→ Task
Repeat the data verbatim, images excluded.

→ Raw data

┏━━

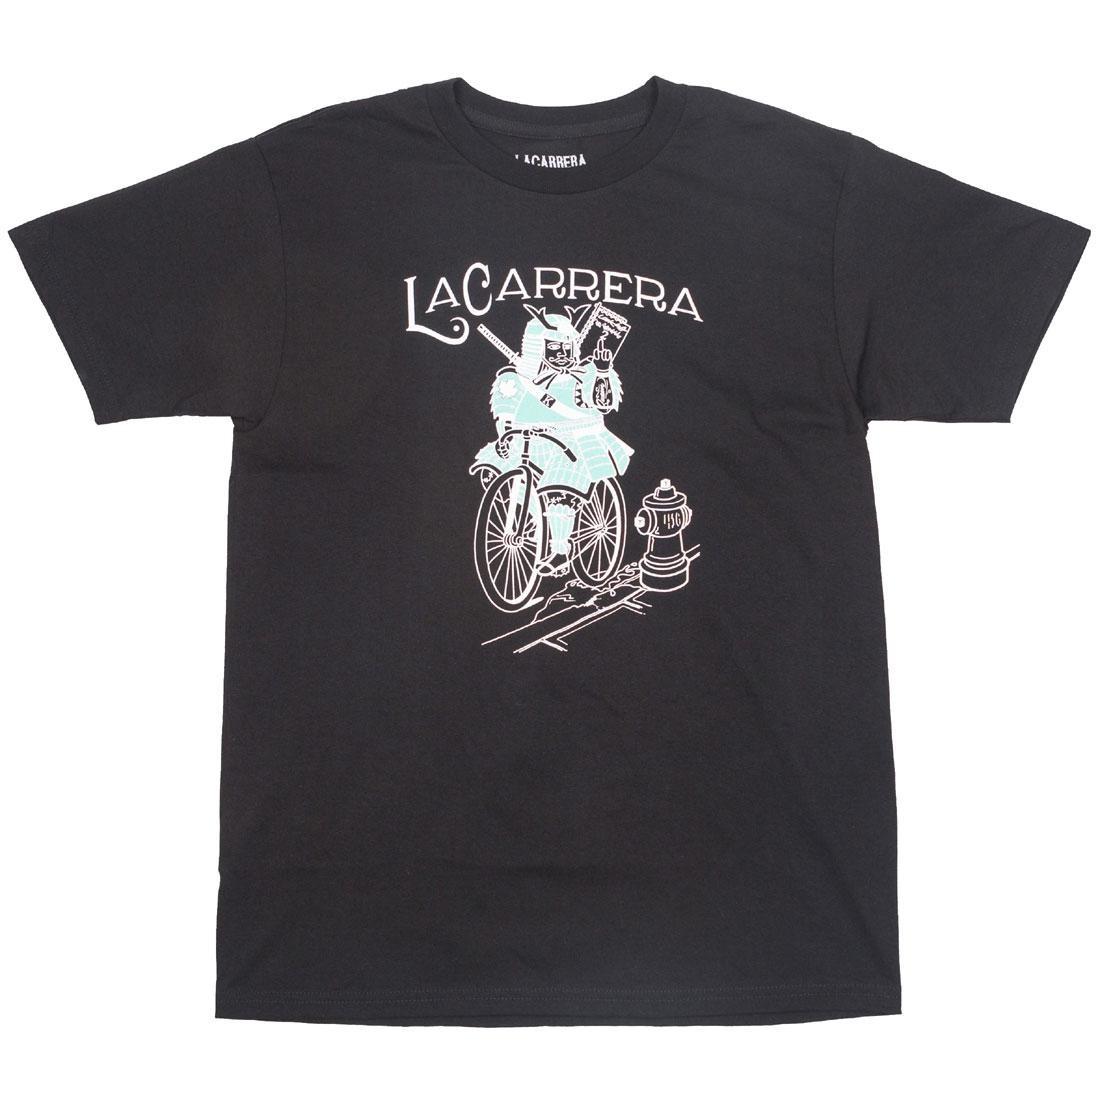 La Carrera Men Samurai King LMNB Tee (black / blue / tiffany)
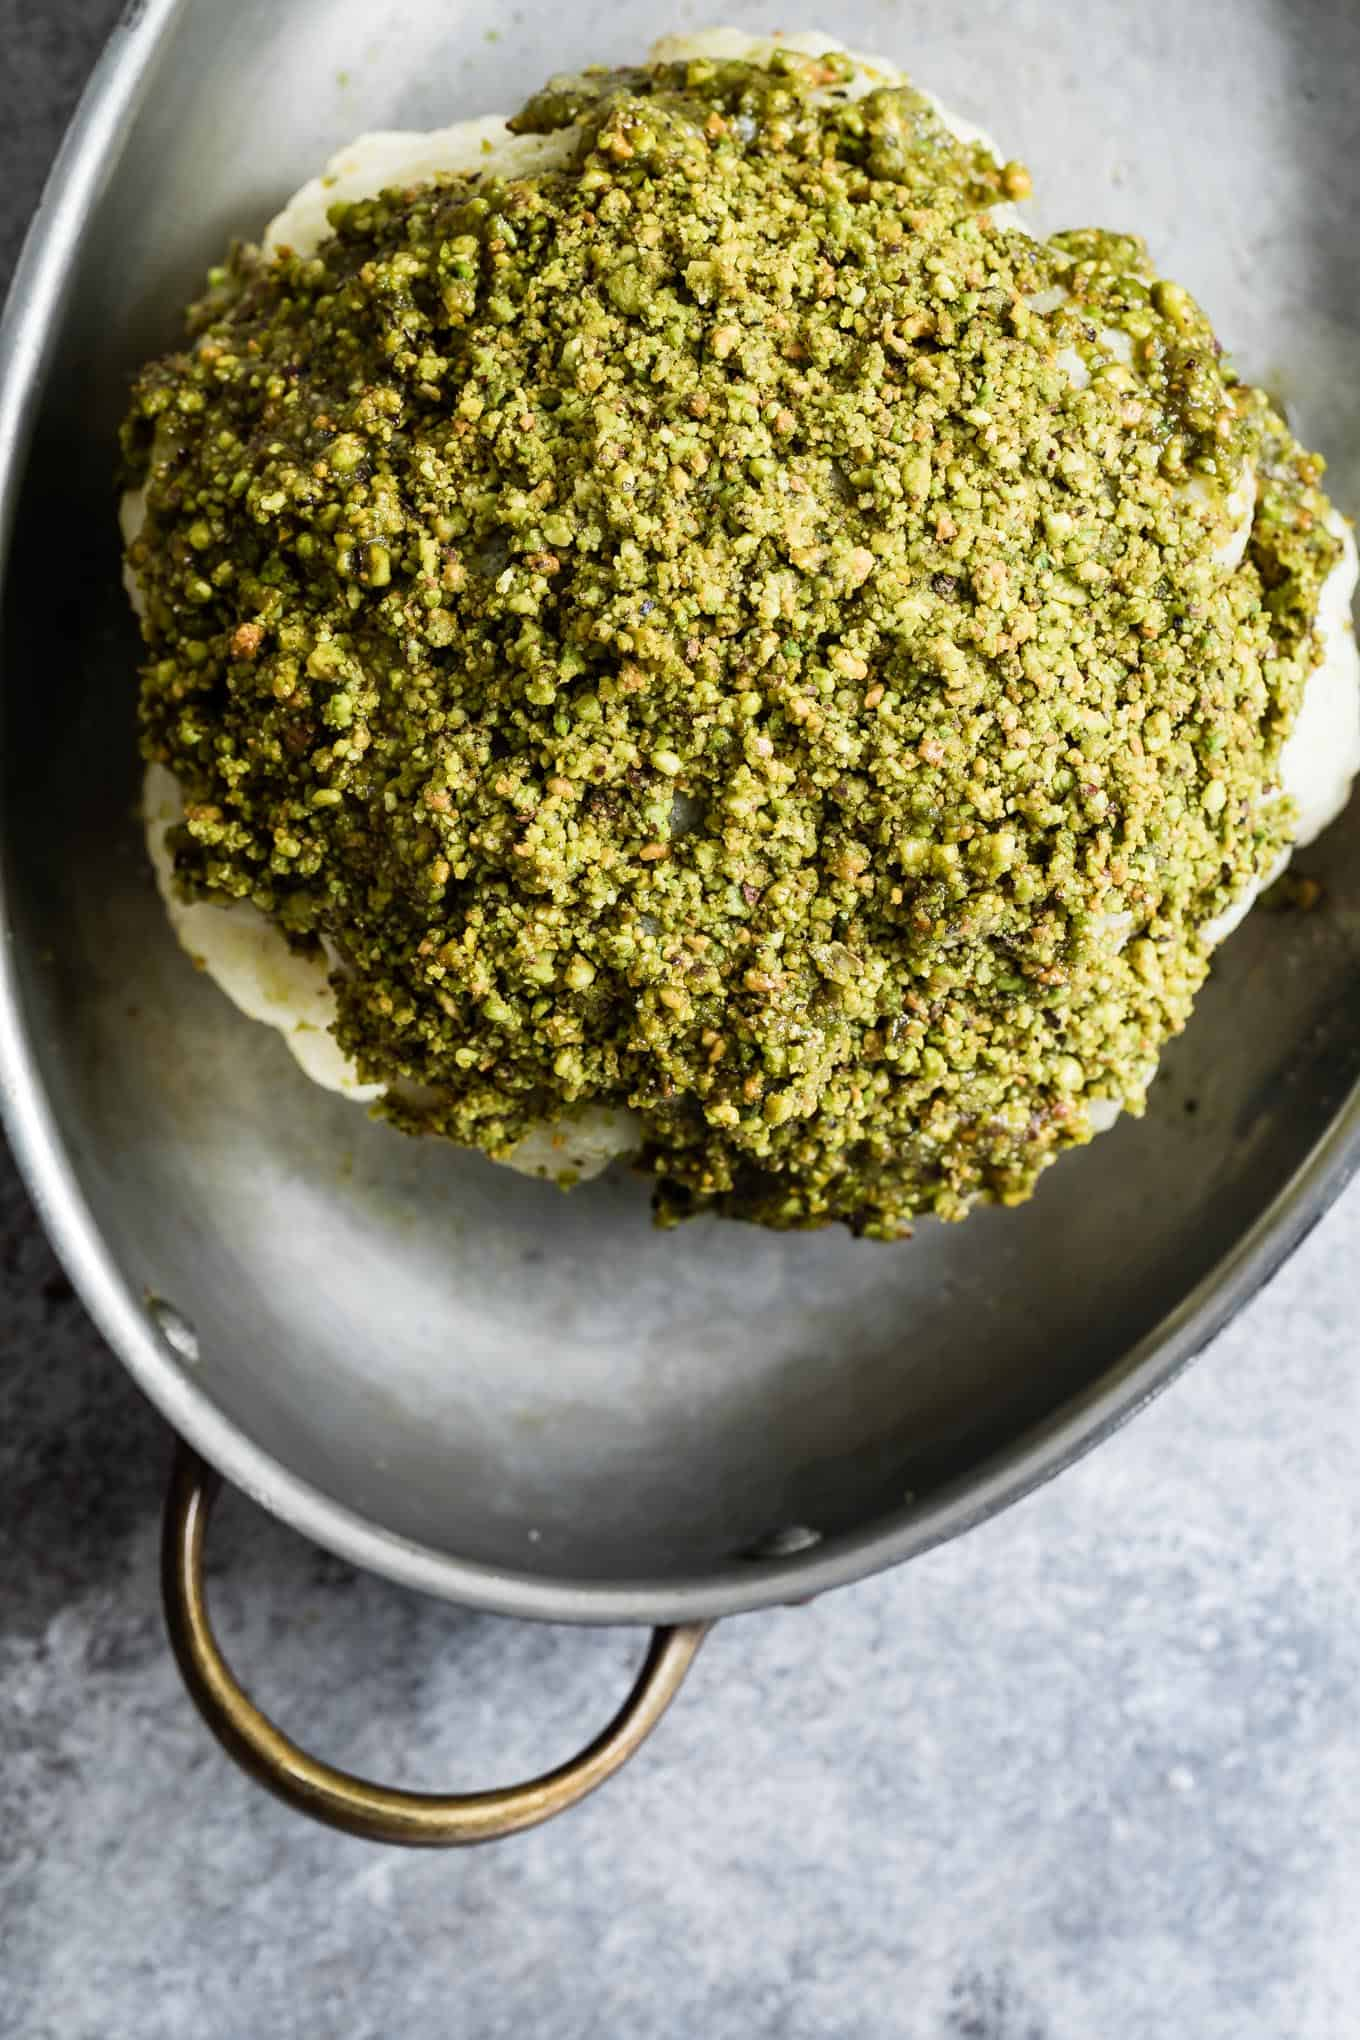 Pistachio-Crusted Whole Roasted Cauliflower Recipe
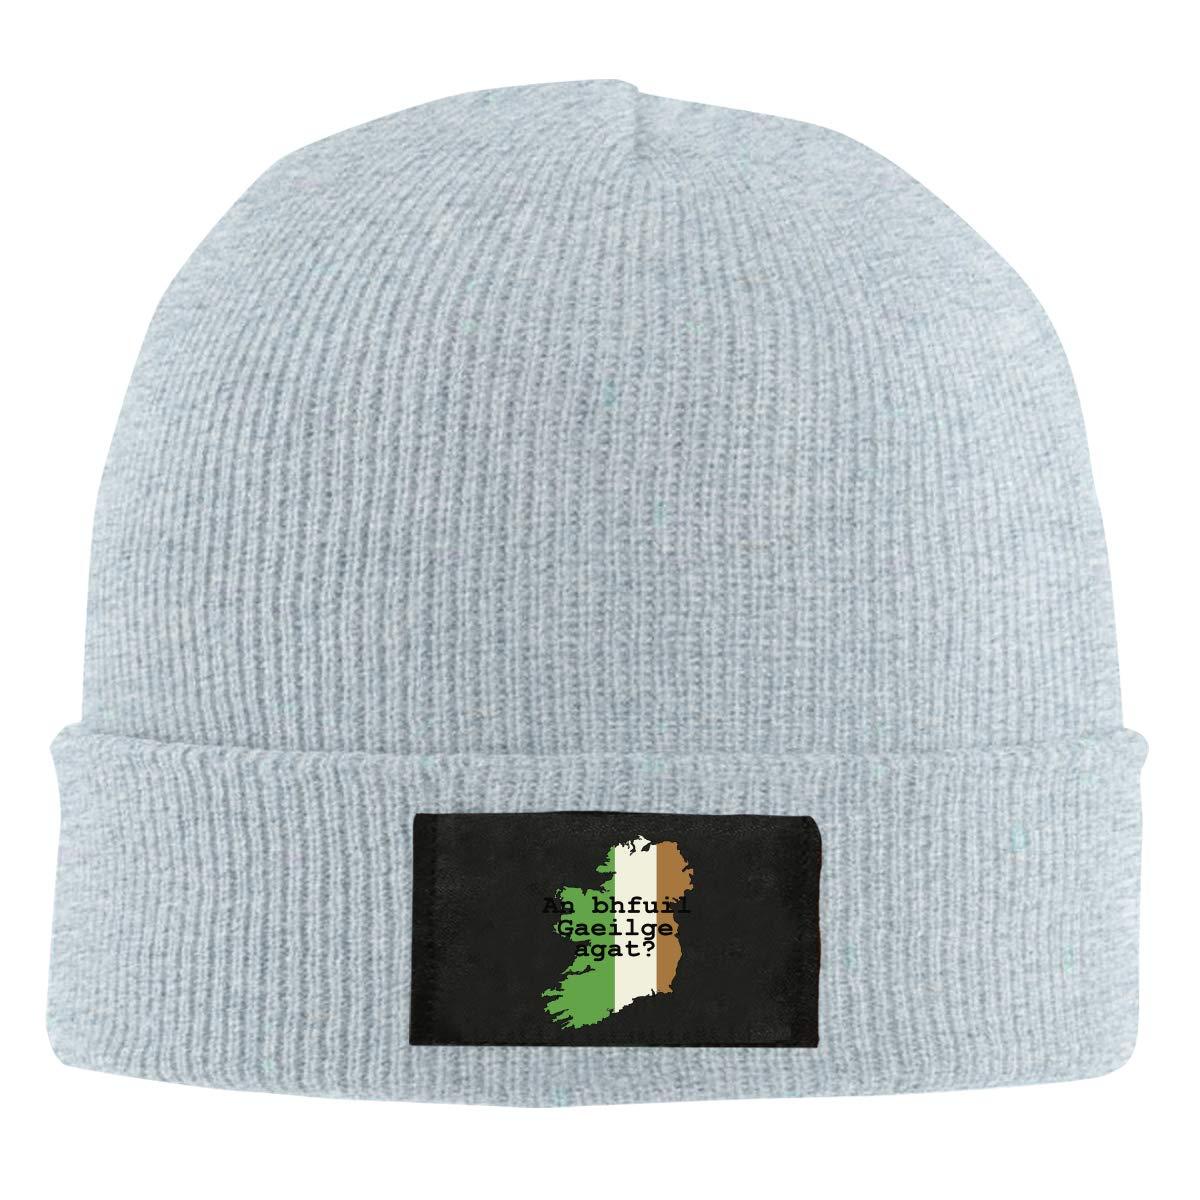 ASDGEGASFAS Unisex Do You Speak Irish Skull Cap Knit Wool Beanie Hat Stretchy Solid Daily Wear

┗━━

→ Result below
 La Carrera Men Samurai King LMNB Tee (black / blue / tiffany)
 Pistachio-Crusted Whole Roasted Cauliflower Recipe
 ASDGEGASFAS Unisex Do You Speak Irish Skull Cap Knit Wool Beanie Hat Stretchy Solid Daily Wear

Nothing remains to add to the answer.